The code data and control flow is analyzed. Some tools just try to construct test data that touches all branches, others even verify the code to comply to a certain specification. The analysis should also analyze the state that is changed by a method with certain test data. Both analysis results can be used to generate tests (setup with test data, assert analyzed state changes).

This seems to me to be the most user convenient approach. It is also the nearest to your problem. Symbolic Pathfinder seems to be a tool for this approach, yet it is not production ready.

Dynamic analysis

The code ist analyzed at runtime (debugging, profiling). Common approaches try to capture certain method calls (with state before and after the call) and serialize them to tests.

I developed a tool for this approach, that is called Testrecorder.

The questions

Is creating such a tool feasible? Would it ever work, or are there some obvious problems?

As some answers above point out: There cannot be a solution that is always correct. Yet I think there could be a solution that increases your efficiency.

Would such a tool be useful? Is it even useful to automatically generate these testcases at all? Could it be extended to do even more useful things?

This depends on the scenario. I think the way of writing tests along with your code (TDD) is a good way keep code at minimum quality.

Yet sometimes I am confronted with large legacy code bases.
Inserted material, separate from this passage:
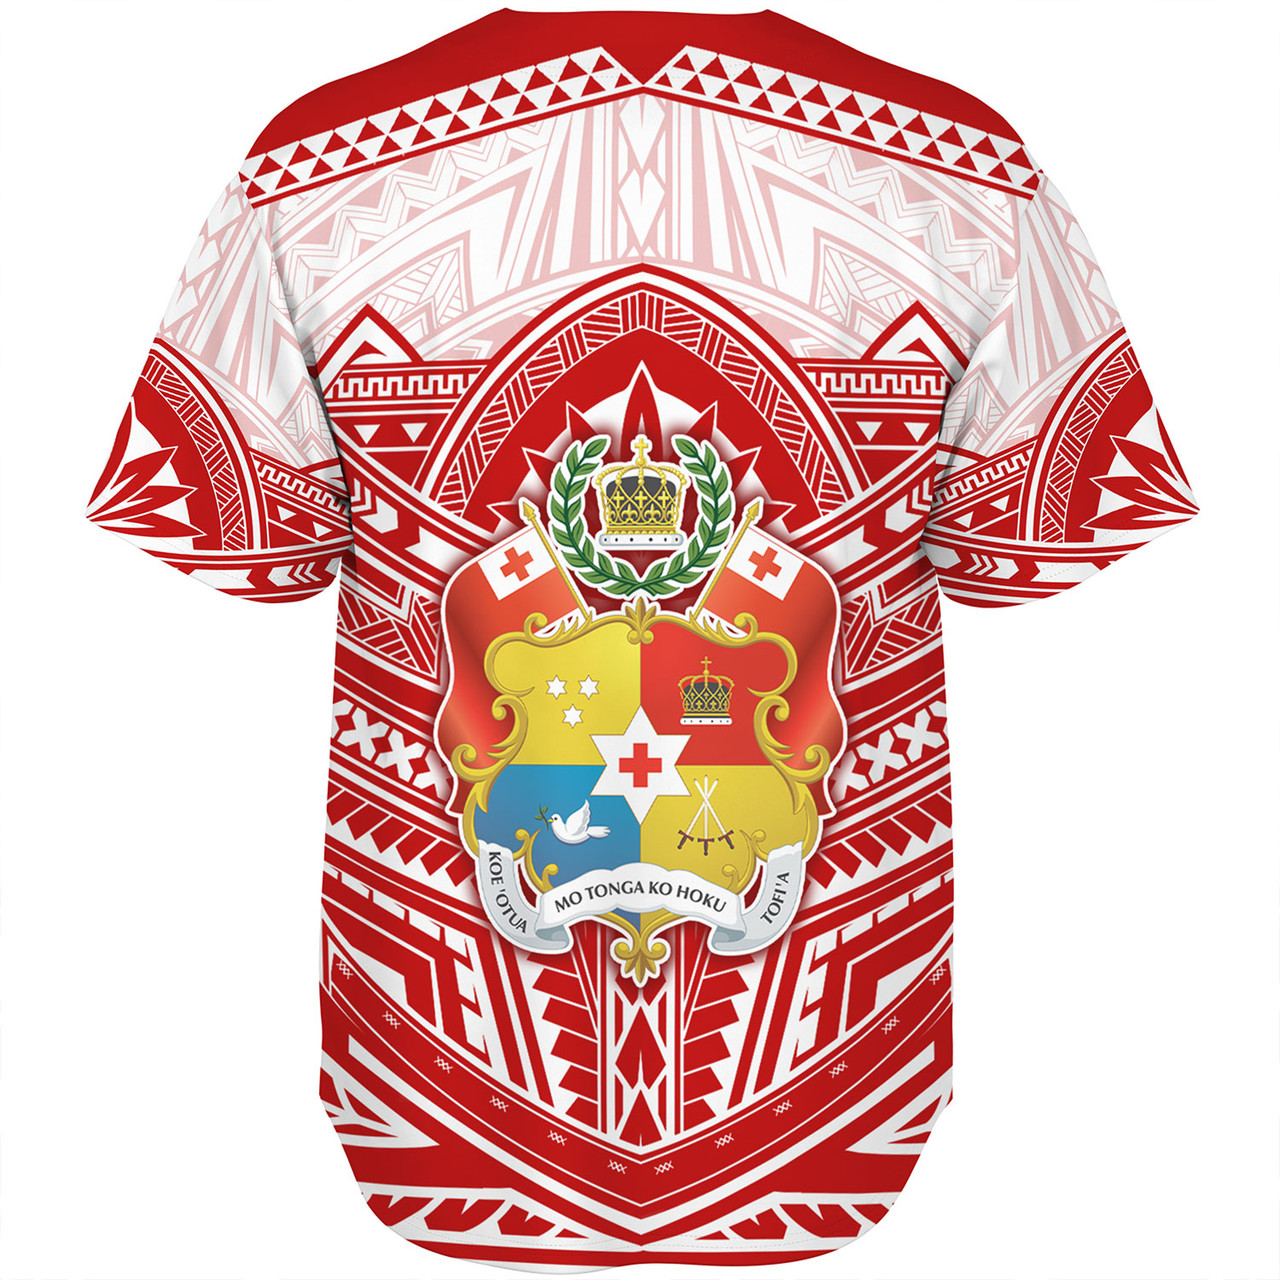 Tonga Baseball Shirt Seal Tribal Flag Color Design

Nobody really wants to spend much time on such code, yet the risk of introducing new code in such code is quite high. I think it could be a valid trade off to use generated tests in this scenarios.

Answer 5

It is not feasible, speaking with the current theoretical knowledge in computer science.

The easiest way to see it is this, put into your code a conjecture that hasn't been proved. (there are many of them). You don't know if the code can get into this or that branch, you also don't know which value would let it into the branch.

So you can't really generate test cases that would go into certain branch even if you have access to the source code.

And if you think it is just software, you will get it if you try hard enough, remember after a few number increase in the encoding length of the conjecture, the search space grows exponentially. Then you have to find another way.